Campo Grande - terça-feira, 23 de junho de 2026
Os dados publicados pela SEMED, atendem a determinação da nova lei federal que prevê que prefeituras divulguem dados sobre planejamento e permanência de alunos
Michelly Perez - 10/05/2024 • 12:00
Mãe solteira/Foto: Marcos Maluf
Em Campo Grande, 6.919 crianças aguardam por uma vaga nas EMEIs (Escolas Municipais de Educação Infantil), conforme relatório da Semed (Secretaria Municipal de Educação) de janeiro deste ano.
A divulgação já atende a uma nova determinação publicada na última segunda-feira (6), no Diário oficial da União, Lei 14.851/2024, que estabelece que o levantamento passa a ser critério de prioridade na destinação dos recursos federais de financiamento da expansão da oferta de vagas em creches para crianças de até três anos de idade.
Em nota, a Semed confirmou para a Revista A Foto, que disponibilizou, inicialmente para o ano letivo de 2024, um total de 6.369 novas vagas nas EMEIs, que somadas às vagas abertas com as entregas das salas modulares já concluídas até o momento (3.120), resultam em 9.484 vagas neste ano.
“No decorrer do ano letivo, mais vagas estão sendo disponibilizadas, através de investimentos do executivo municipal, como a construção dessas 166 novas salas nas escolas municipais, que no total vão gerar 6.600 novas vagas, tanto para unidades com ensino fundamental, quanto para a educação infantil, o que equivale a 13 novas escolas em Campo Grande”, destacou.
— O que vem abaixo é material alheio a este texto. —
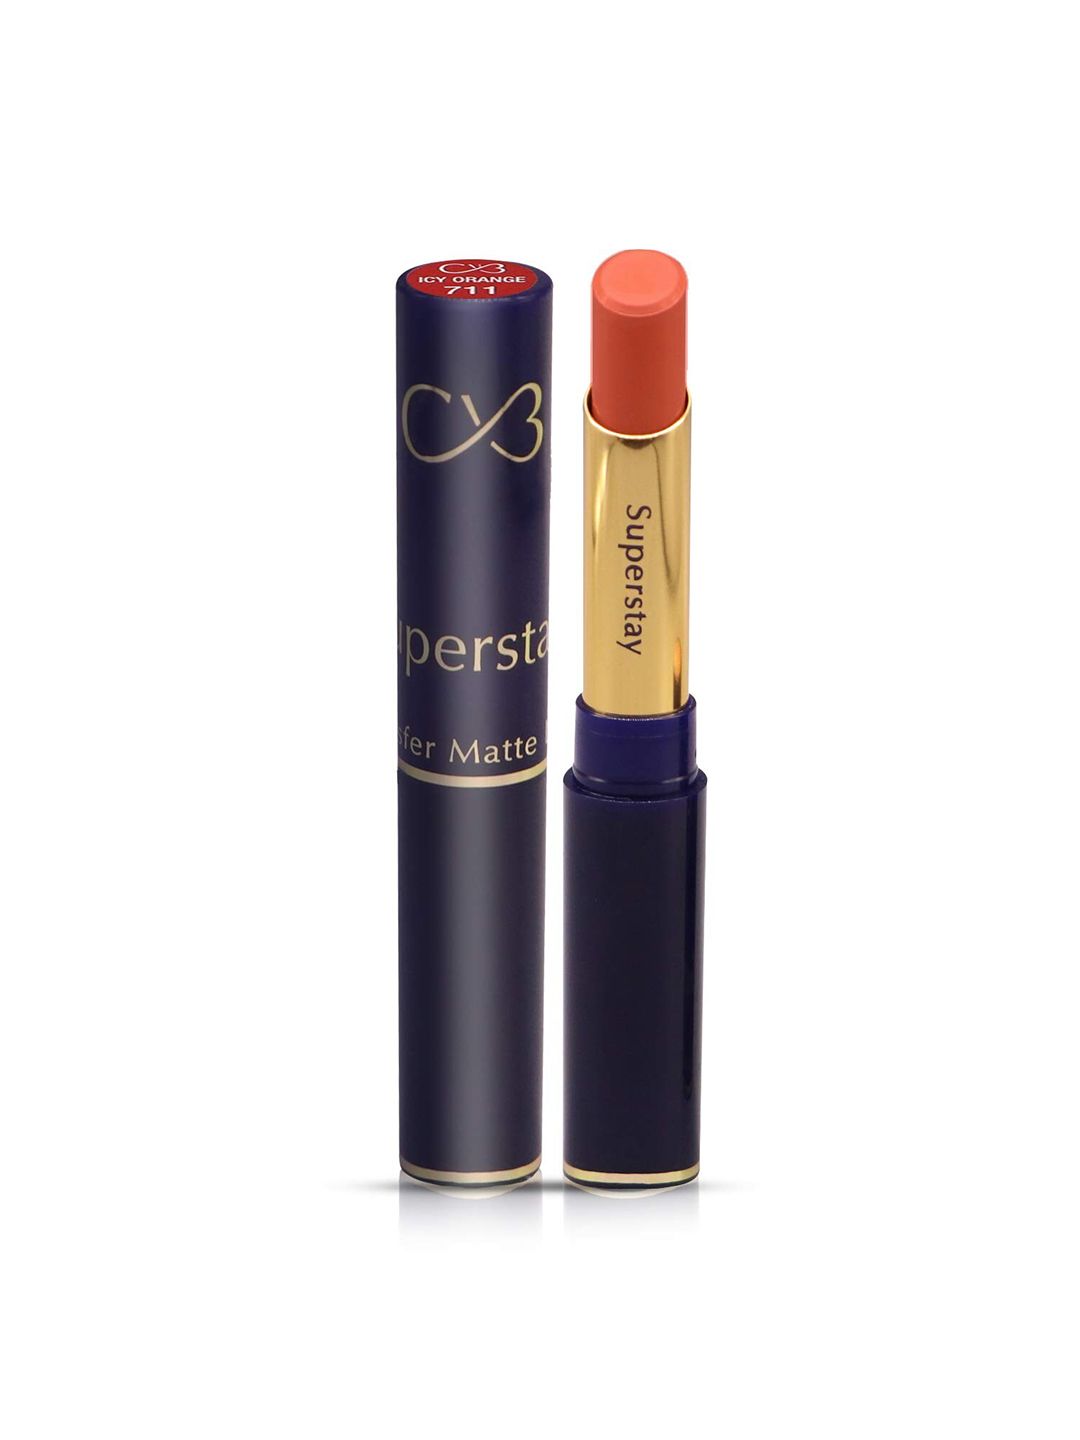 CVB Super Stay Non-Transfer Matte Lipstick 3.5 g - Icy Orange 711 Price in India

A Semed ainda esclarece que, os alunos das etapas obrigatórias do ensino fundamental da Reme são prontamente atendidos. Alunos de 4 e 5 anos , que já não estudam nas EMEIs- todos os que solicitam vagas, são prontamente designados para uma unidade escolar, onde a matrícula pode ser efetivada.
No mês de abril, o IBGE (Instituto Brasileiro de Geografia e Estatística), que apontou uma reprimida em todo o país de 2,3 milhões de crianças sem acesso a creches. O estudo revelou ainda que apenas 40% das crianças até 3 anos de idade têm acesso à educação infantil, ficando abaixo da meta de 50% estabelecida pelo Plano Nacional da Educação (Lei 13.005/2014).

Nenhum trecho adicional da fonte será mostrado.